First let's check that we can access the artist and song name for just the **first track**.

In [5]:
tree      = etree.parse('data7.xml')

track     = tree.find('dict/dict/dict')  # track details stored in the third nested <dict> element


for key in track.findall('key'):         # cycle through all <key> elements in the track
    if key.text == 'Artist':             # check whether this is the Artist key
        artist = key.getnext().text      # get the text from the next element (the <string> element)
    elif key.text == 'Name':             # check whether this is the Name key
        song_name = key.getnext().text   # get the text from the next element (the <string> element)

print(artist)
print(song_name)

Girl Talk
Play Your Part (Pt. 1)


Great! We have successfully accessed the artist and song names.

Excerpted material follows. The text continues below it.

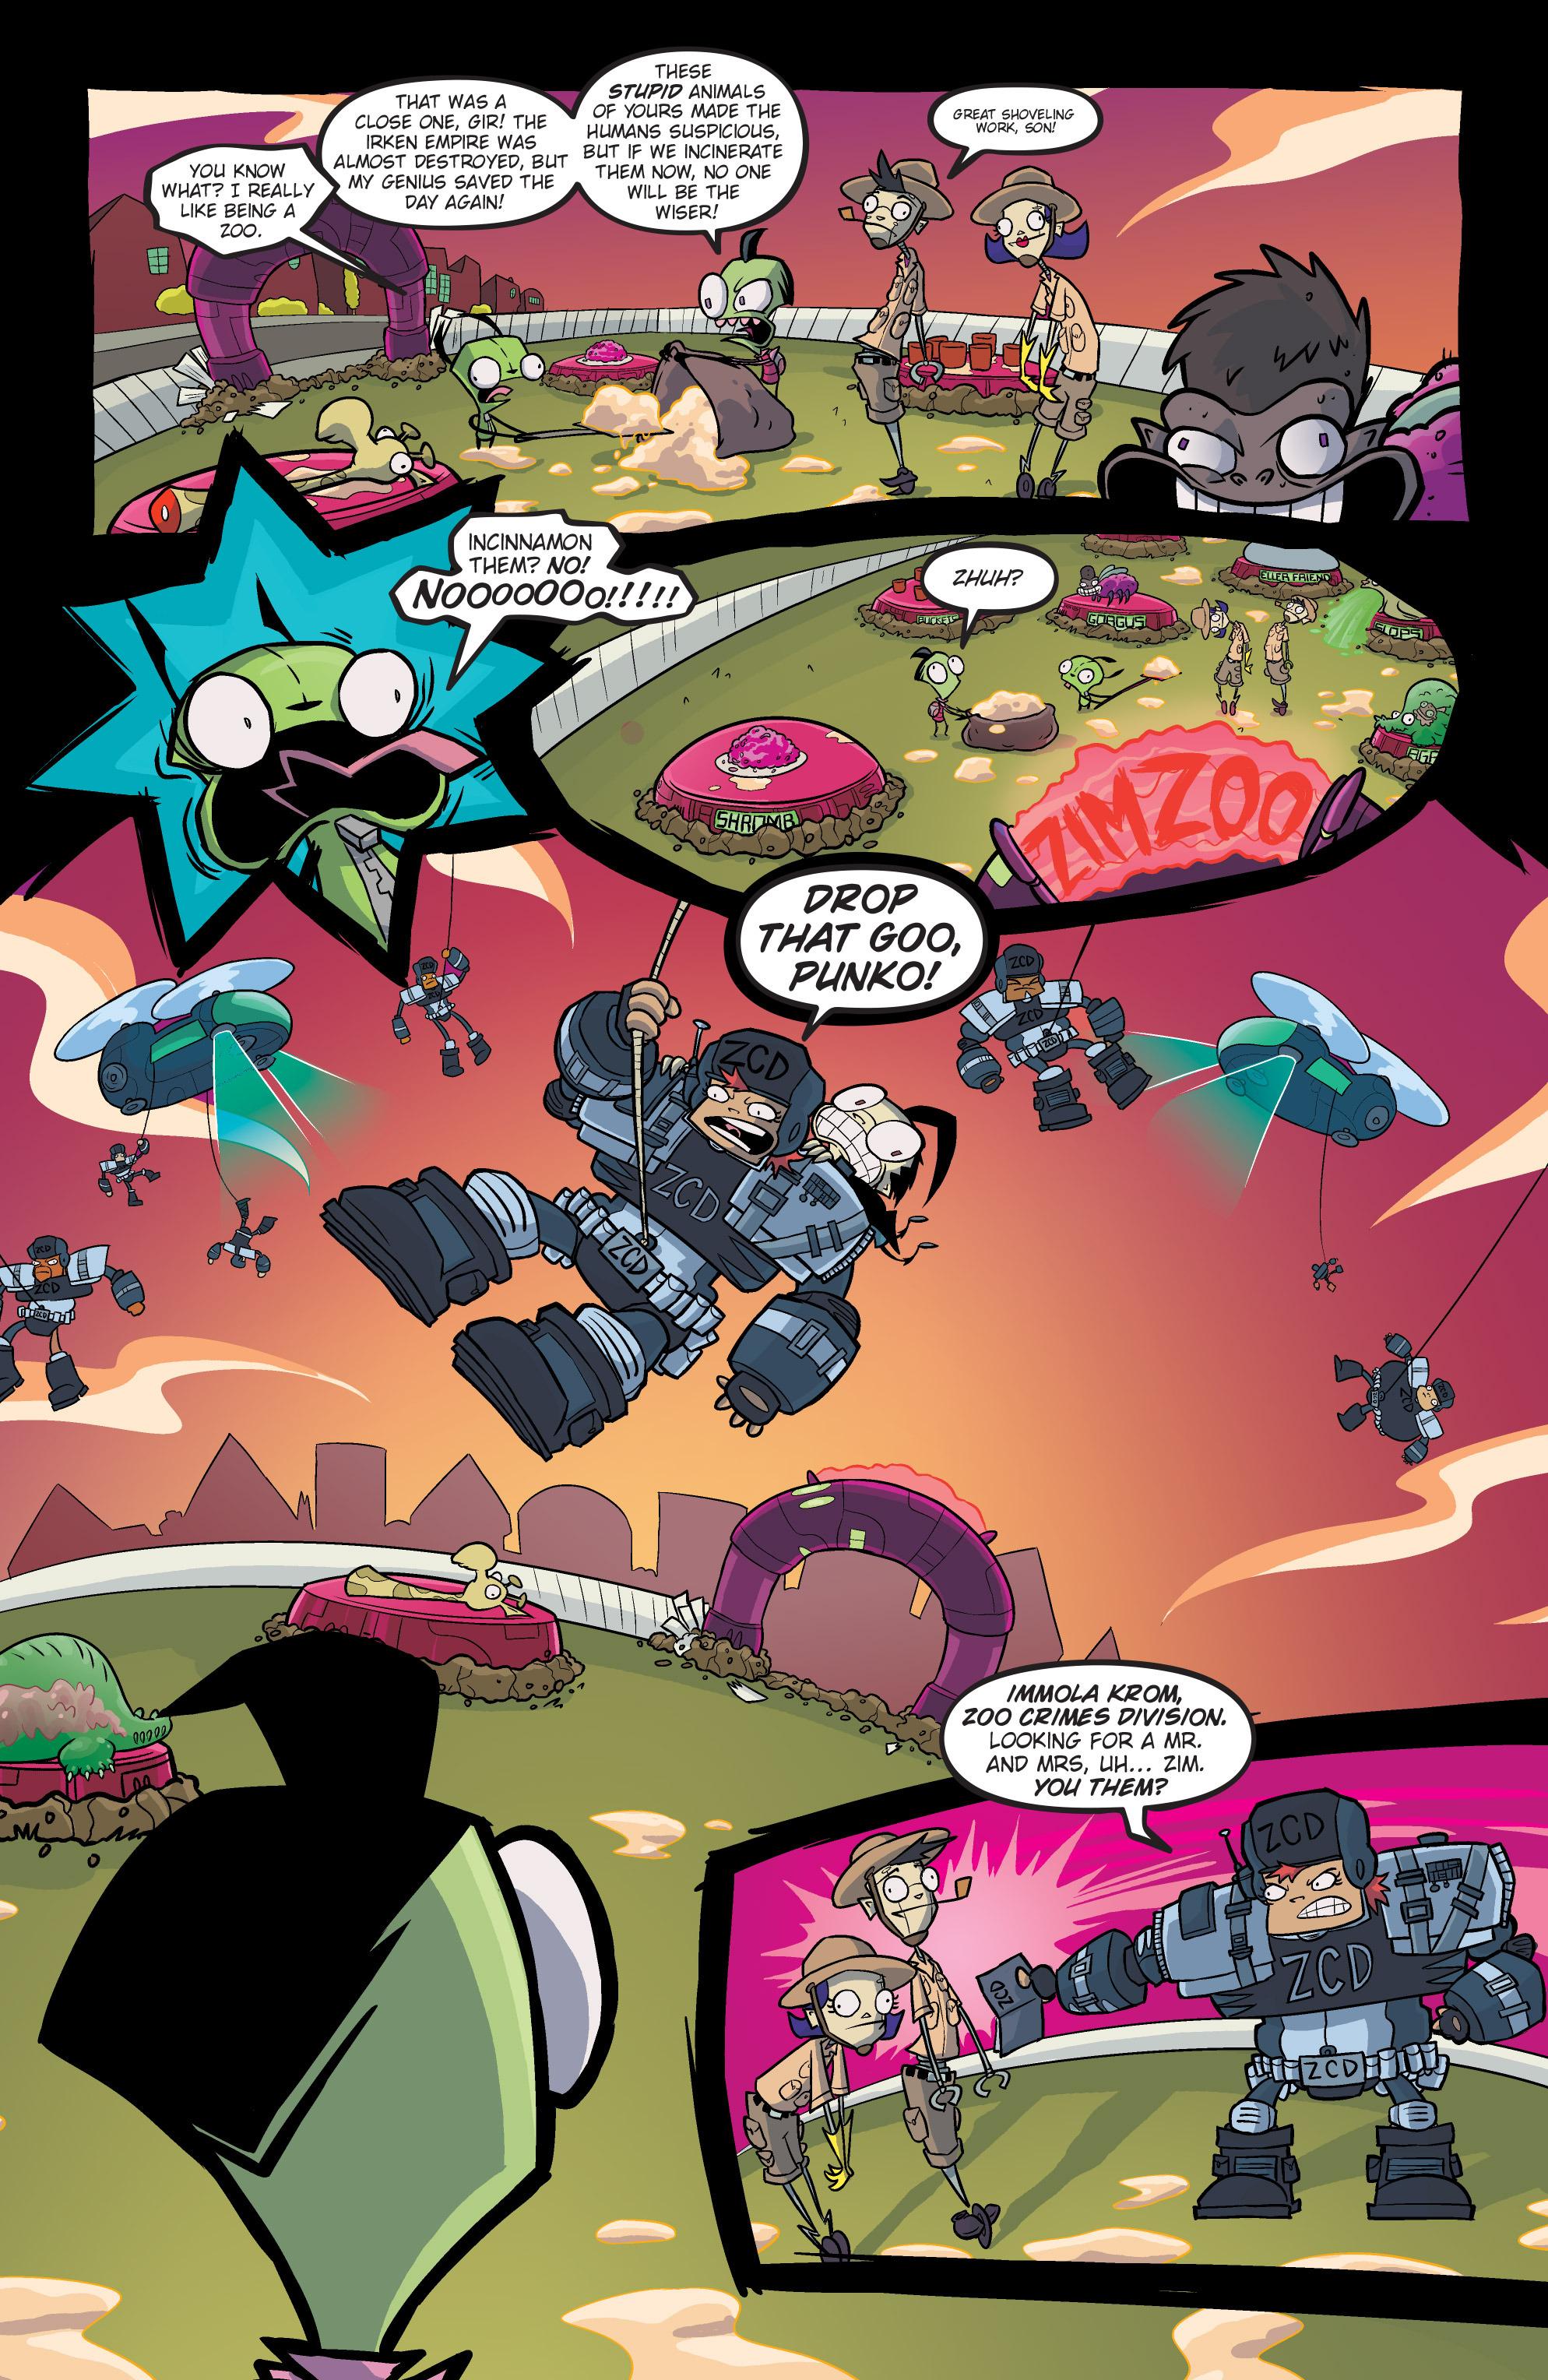 Read online Invader Zim comic -  Issue #19 - 13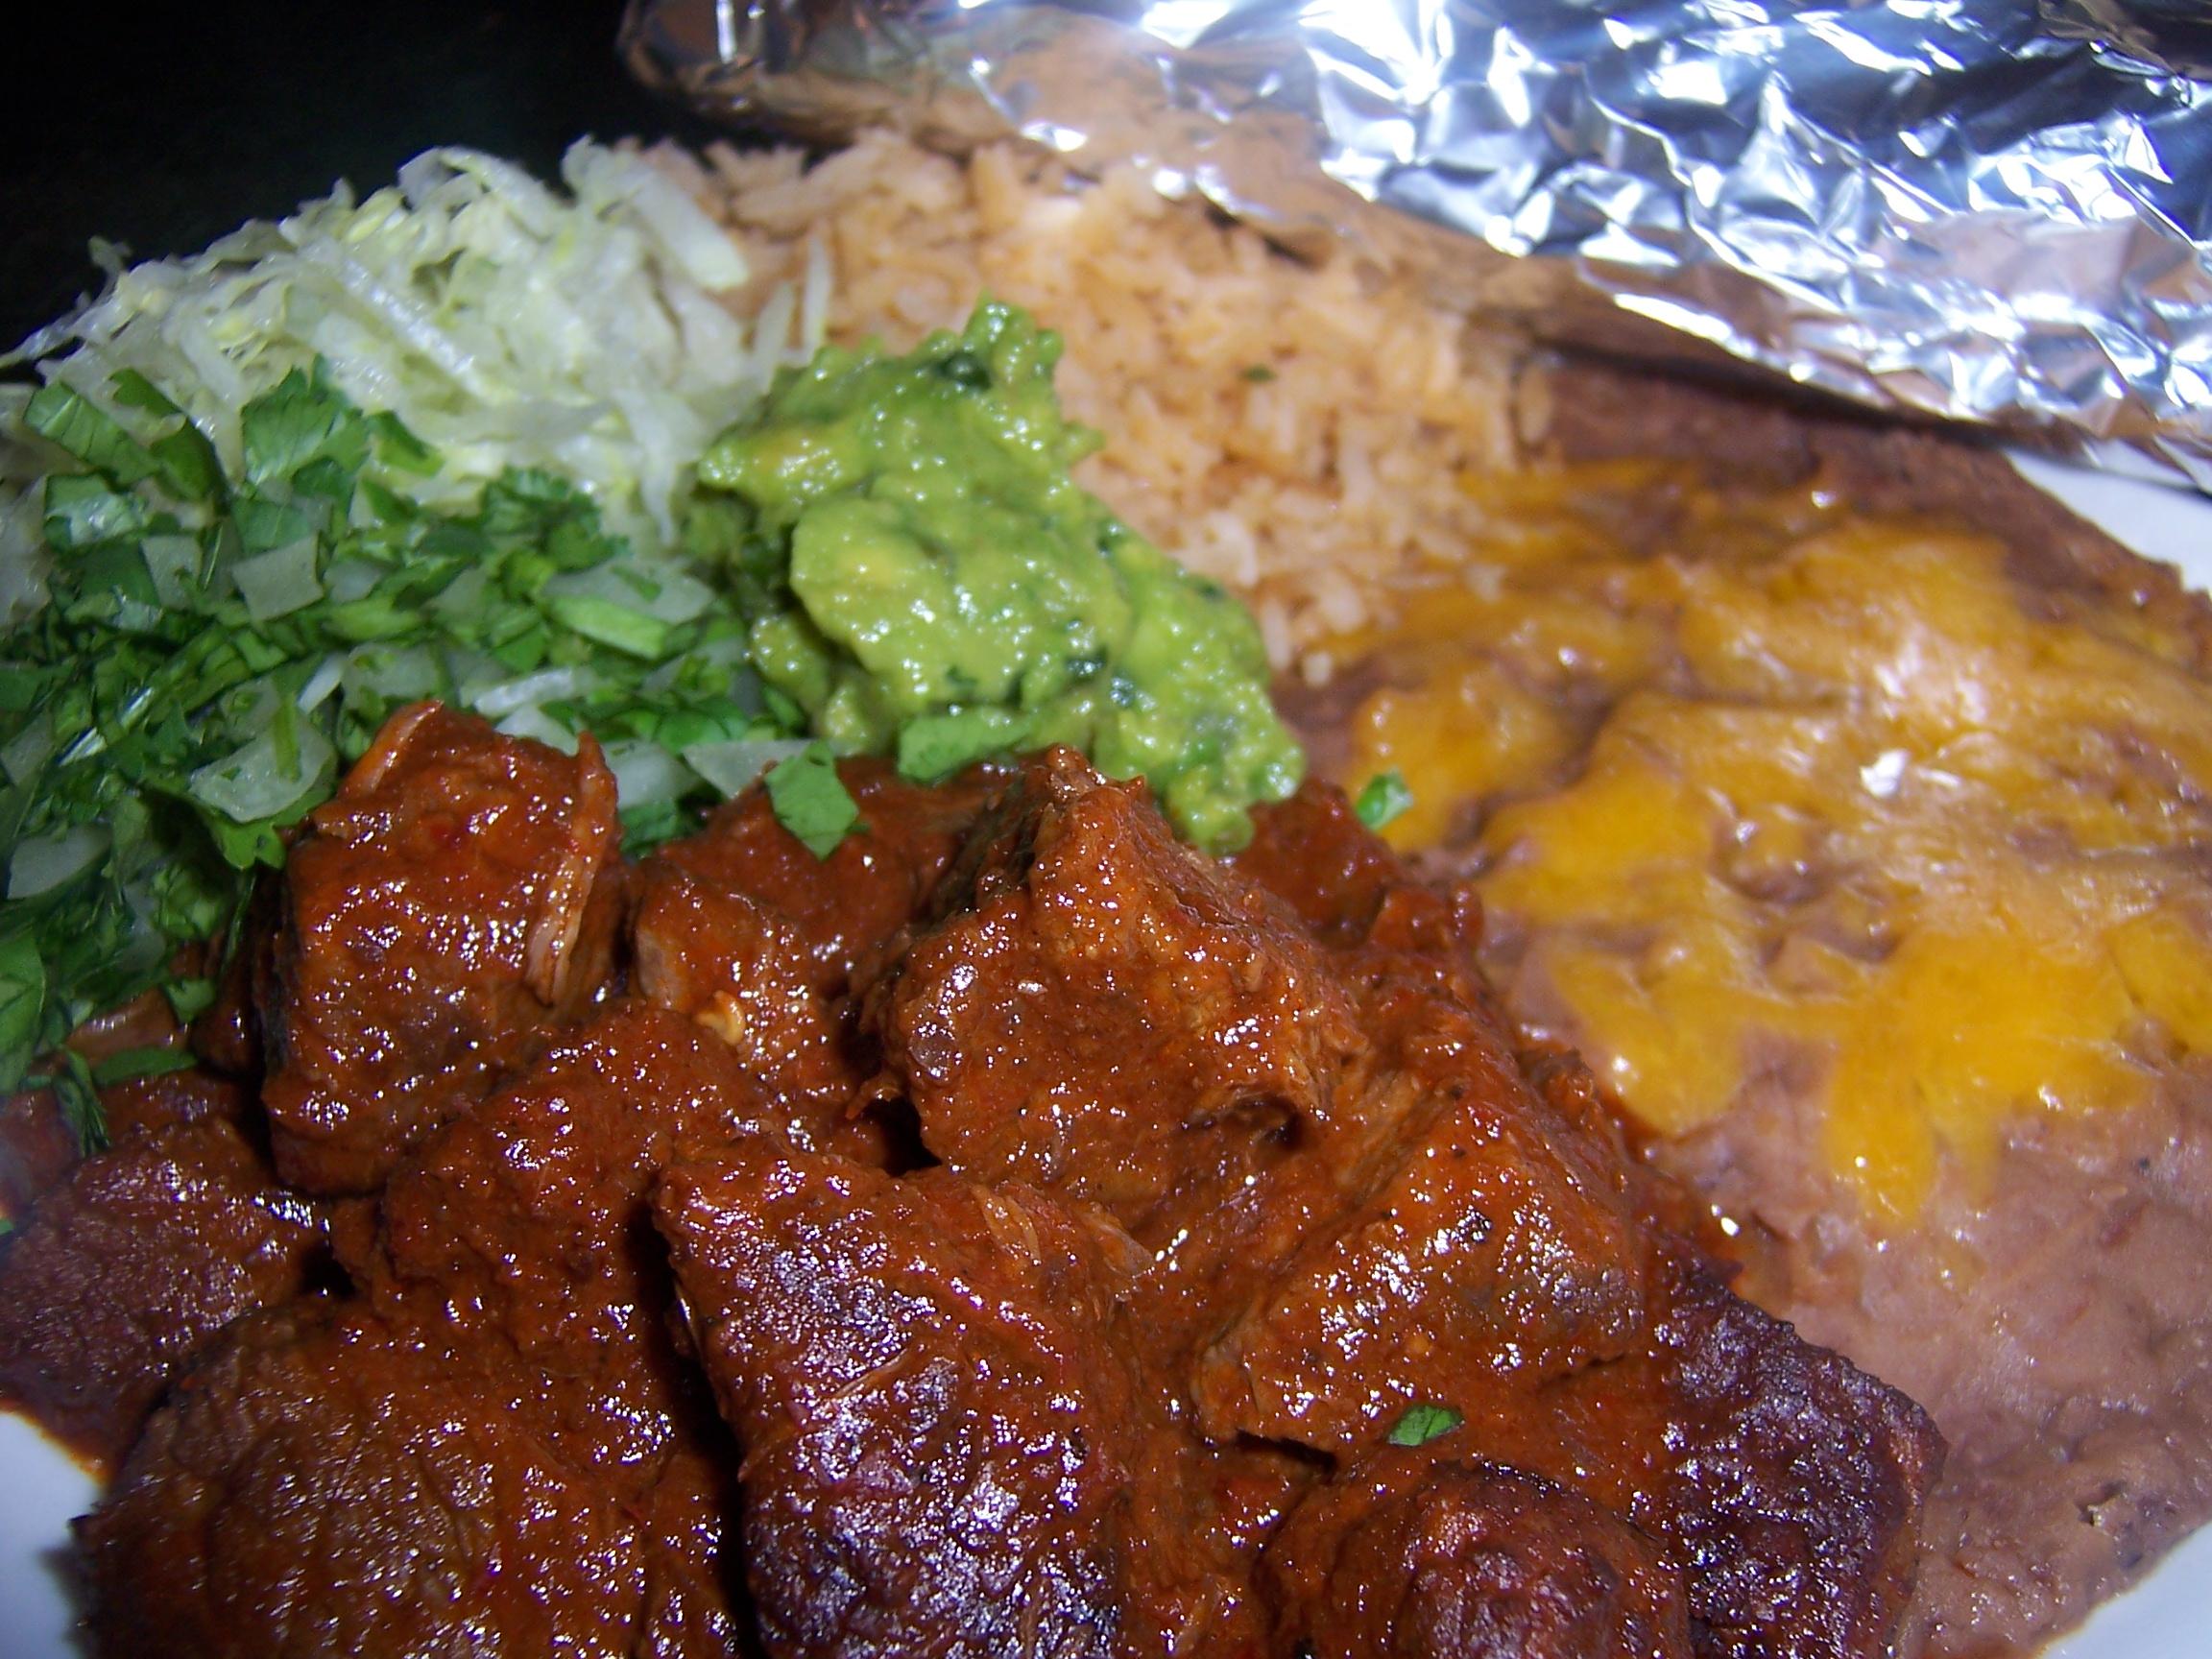 Chili Colorado Authentic Mexican Style

Next, let's try retrieving artist and song names for all tracks.

In [6]:
tracks    = tree.findall('dict/dict/dict')  # all tracks

for track in tracks:
    artist    = None                     # initialize the artist name for this track
    song_name = None                     # initialize the artist name for this track
    for key in track.findall('key'):     
        if key.text == 'Artist':         
            artist = key.getnext().text
        elif key.text == 'Name':
            song_name = key.getnext().text
    print(artist, '-', song_name)

Girl Talk - Play Your Part (Pt. 1)
Girl Talk - Shut The Club Down
Girl Talk - Still Here
Girl Talk - What It's All About
Girl Talk - Set It Off
Girl Talk - No Pause
Girl Talk - Like This
Girl Talk - Give Me A Beat
Girl Talk - Hands In The Air
Girl Talk - In Step
Girl Talk - Let Me See You
Girl Talk - Here's The Thing
Girl Talk - Don't Stop
Girl Talk - Play Your Part (Pt. 2)
Nirvana - Smells Like Teen Spirit
Nirvana - In Bloom
Nirvana - Come As You Are
Nirvana - Breed
Nirvana - Lithium
Nirvana - Polly
Nirvana - Territorial Pissings
Nirvana - Drain You
Nirvana - Lounge Act
Nirvana - Stay Away
Nirvana - On A Plain
Nirvana - Something In The Way
Bush - Everything Zen
Bush - Swim
Bush - Bomb
Bush - Little Things
Bush - Comedown
Bush - Body
Bush - Machinehead
Bush - Testosterone
Bush - Monkey
Bush - Glycerine
Bush - Alien
Bush - X-Girlfriend
Steve Martin - Born Standing Up: A Comic's Life (Unabridged)
Tom Merritt, Becky Worley, Sarah Lane and Jason Howell - Tech News Today 187: To Xoom Or No

Excellent!

Now let's extract all song names for only the artist: Nirvana.

In [7]:

tracks    = tree.findall('dict/dict/dict')

song_names = []

for track in tracks:
    artist    = None                     # initialize the artist name for this track
    song_name = None                     # initialize the artist name for this track

    for key in track.findall('key'):

        if key.text=='Artist':
            artist = key.getnext().text
            if artist == 'Nirvana':
                artist_found = True
            else:
                artist_found = False
        
        elif key.text == 'Name':
            song_name = key.getnext().text
    
    if artist_found:
        song_names.append( song_name )
    

for name in song_names:
    print(name)



Smells Like Teen Spirit
In Bloom
Come As You Are
Breed
Lithium
Polly
Territorial Pissings
Drain You
Lounge Act
Stay Away
On A Plain
Something In The Way


Stupendous!

We have successfully achieved our goal of extracting all song names by the artist Nirvana.